Dora is an experiment launching tool which provides the following features:

Grid search management: automatic scheduling and canceling of the jobs to match what is specified in the grid search files. Grid search files are pure Python, and can contain arbitrary loops, conditions etc.
Deduplication: experiments are assigned a signature based on their arguments. If you ask twice for the same experiment to be ran, it won't be scheduled twice, but merged to the same run. If your code handles checkpointing properly, any previous run will be automatically resumed.
Monitoring: Dora supports basic monitoring from inside the terminal. You can customize the metrics to display in the monitoring table, and easily track progress, and compare runs in a grid search.

Some Dora concepts:

A Grid is a python file with an explorer function, wrapped in a dora.Explorer. The explorer function takes a dora.Launcher as argument. Call repeatidly the dora.Launcher with a set of hyper-parameters to schedule different experiments.
An XP is a specific experiment. Each experiment is defined by the arguments passed to the underlying experimental code, and is assigned a signature based on those arguments, for easy deduplication.
A signature is the unique XP identifier, derived from its arguments. You can use the signature to uniquely identity the XP across runs, and easily access logs, checkpoints etc.
A Sheep is the association of a Slurm/Submitit job, and an XP. Given an XP, it is always possible to retrieve the last Slurm job that was associated with it.
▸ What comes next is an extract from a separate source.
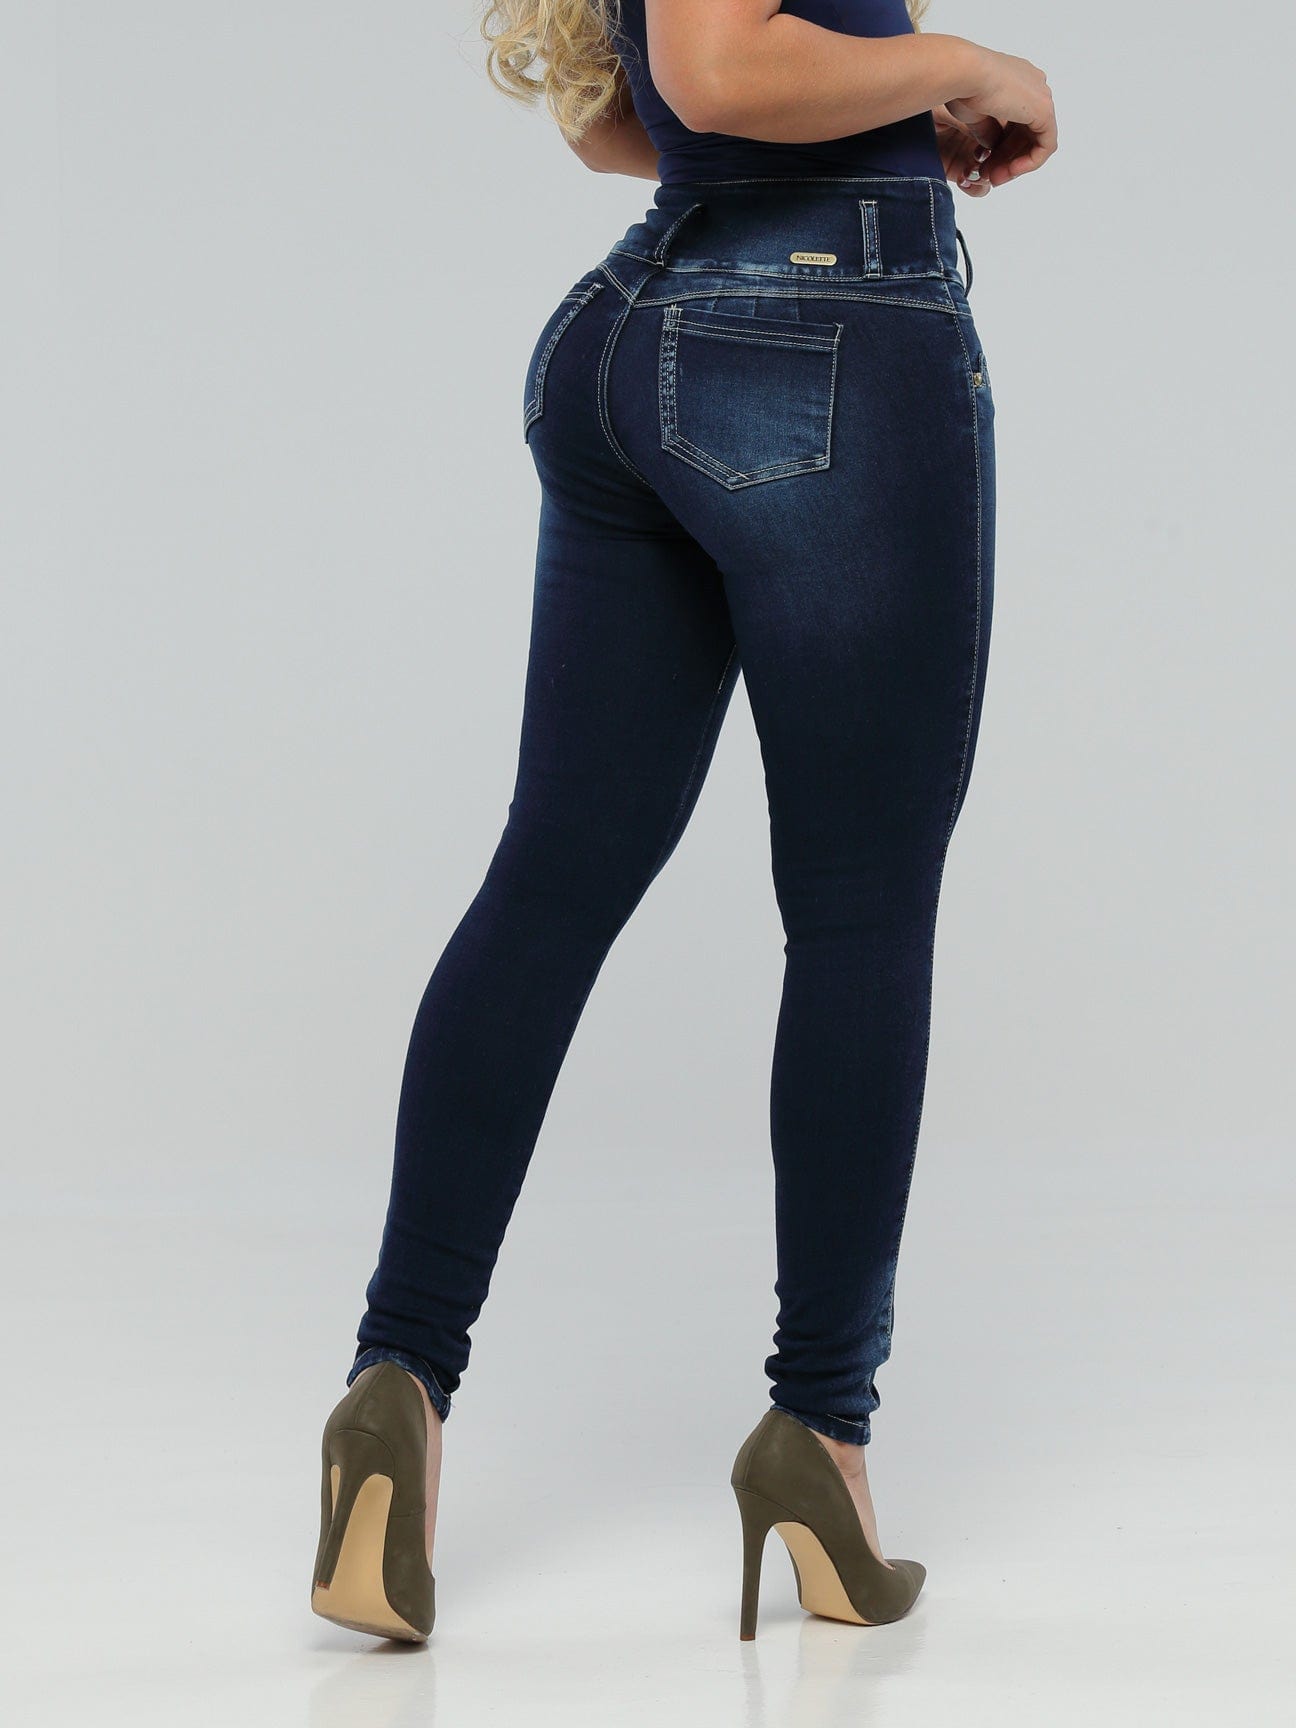 Jeans Levantadores De Glúteos Babe 14248

Making your code compatible with Dora

In order to derive the XP signature, Dora must know about the configuration schema your project is following, as well as the parsed arguments for a run. Dora supports two backends for that : argparse, and hydra. On top of that, Dora provides a smooth integration with Pytorch Lightning for projects that uses it.

In all cases, you must have a specific python package (which we will call here myproj), with a train module in it, (i.e. myproj.train module, stored in the myproj/train.py file.)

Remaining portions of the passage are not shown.